Your assignment » The lines to copy run from the one containing "Acid tested for" to the very end of the records; give them exactly, and only them, without pictures.

=== Section Start ===

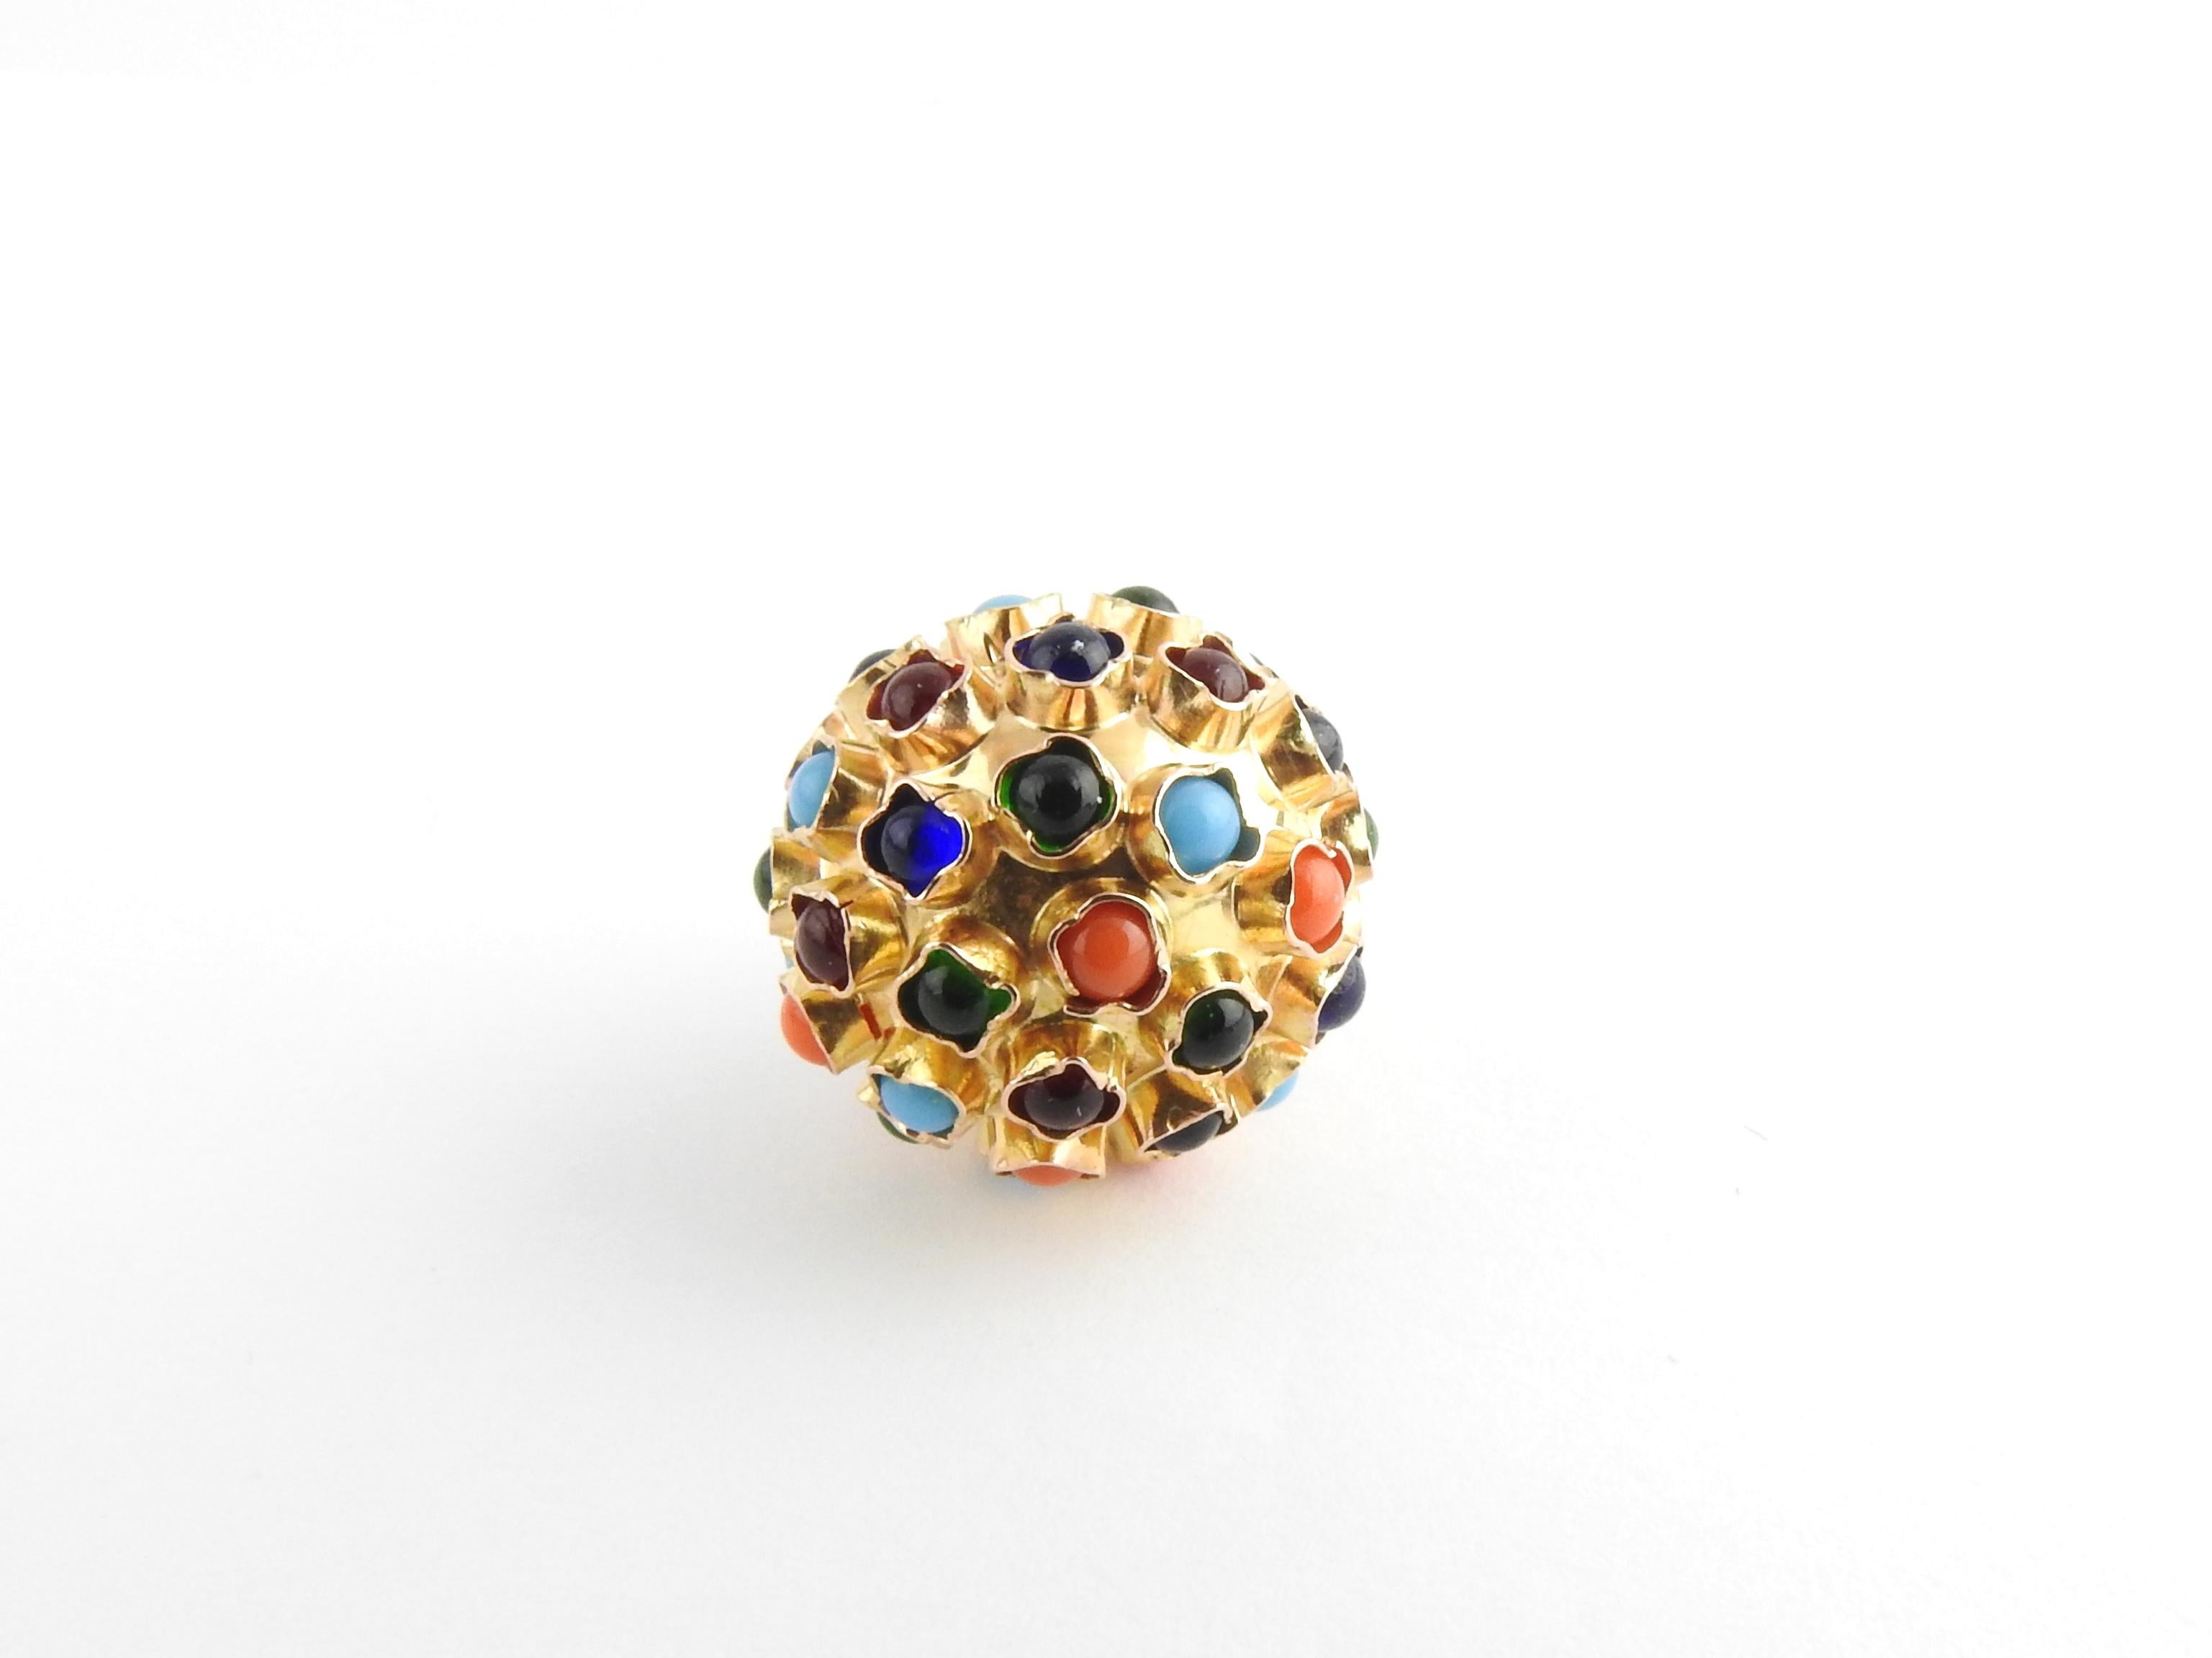 Vintage 18 Karat Yellow Gold Multi Stone Sputnik Charm

This lovely 3D sputnik charm is decorated with multicolored stones and crafted in beautifully detailed 18K yellow gold.

Size: 17 mm (actual charm)

Weight: 3.4 dwt. / 5.4 gr.

Acid tested for
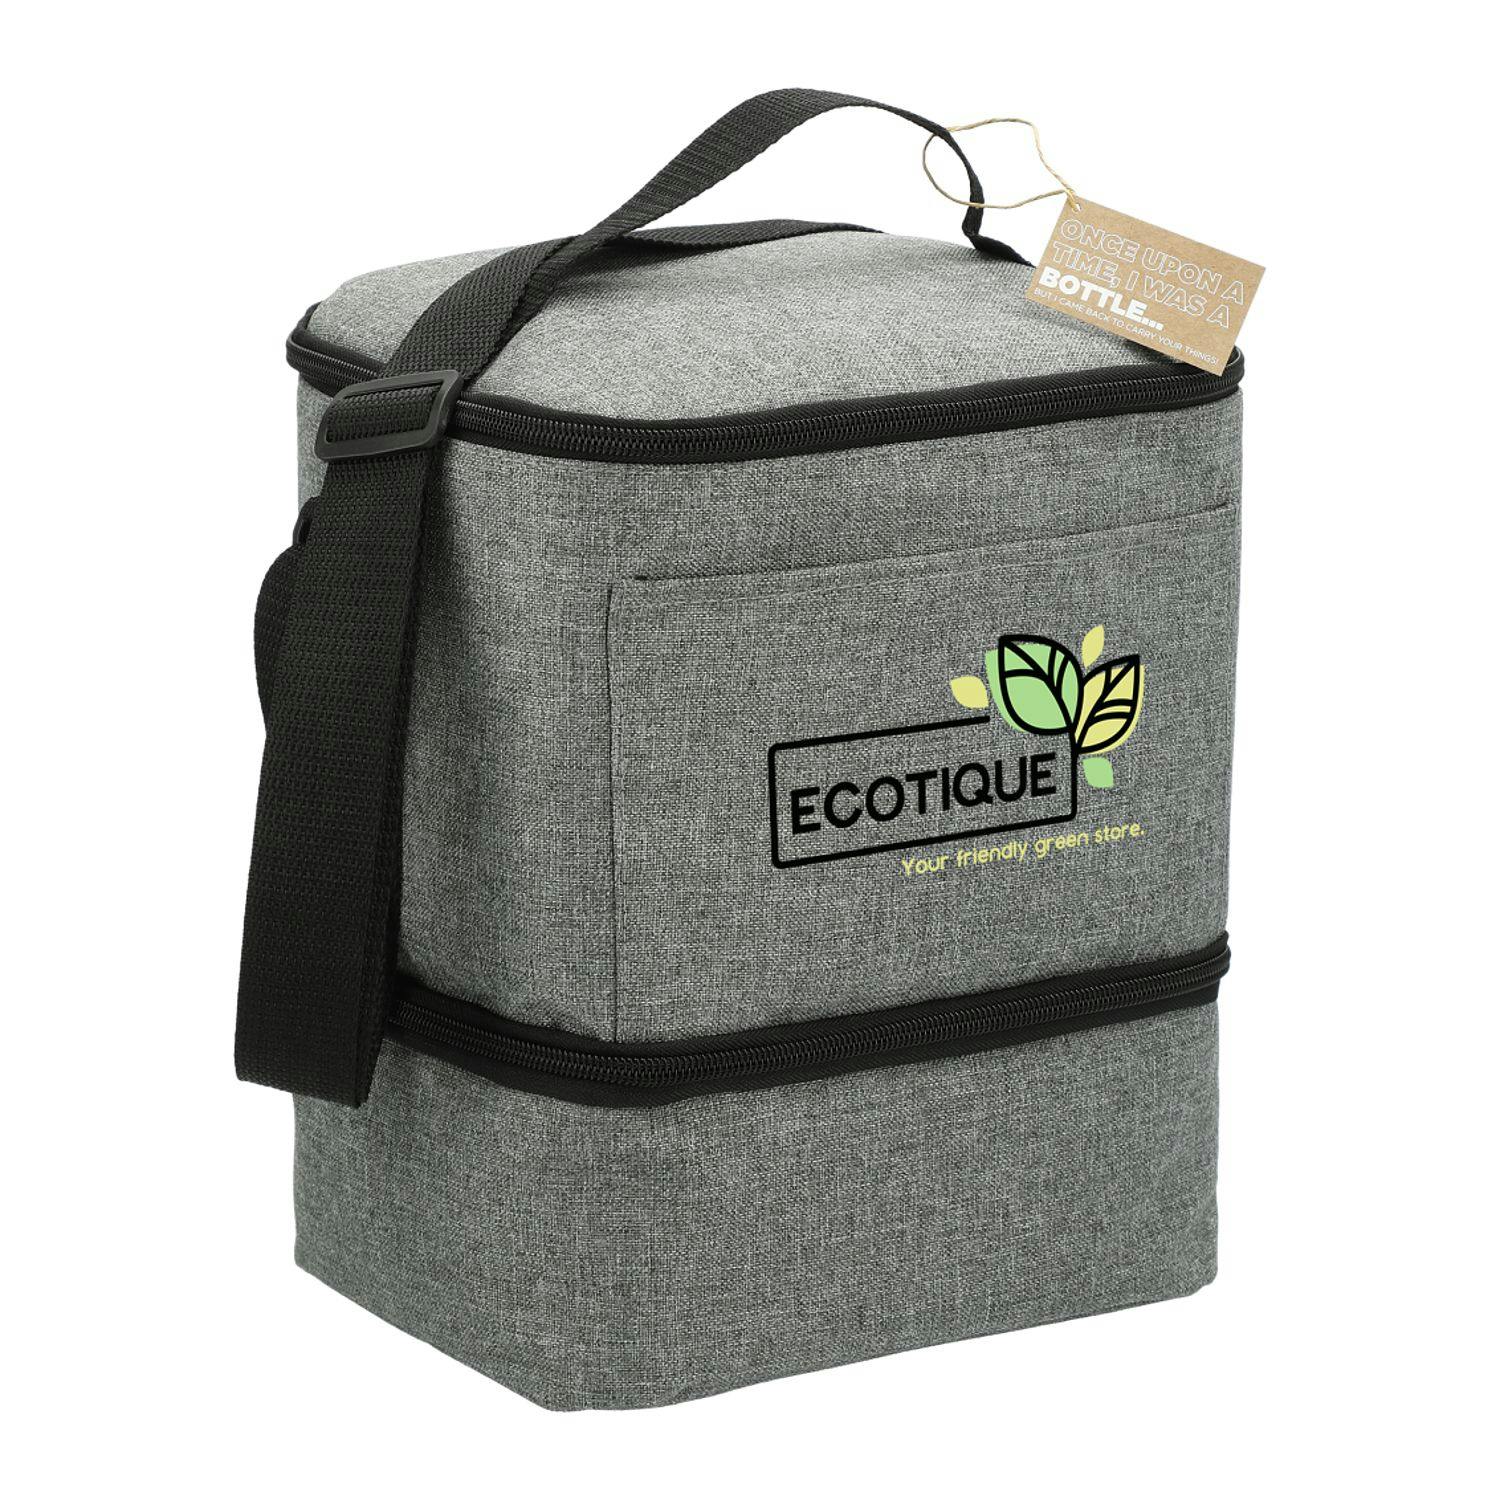 Tundra Recycled 9 Can Lunch Cooler - additional Image 1

=== Section End ===

Exercise output »
Acid tested for
 Tundra Recycled 9 Can Lunch Cooler - additional Image 1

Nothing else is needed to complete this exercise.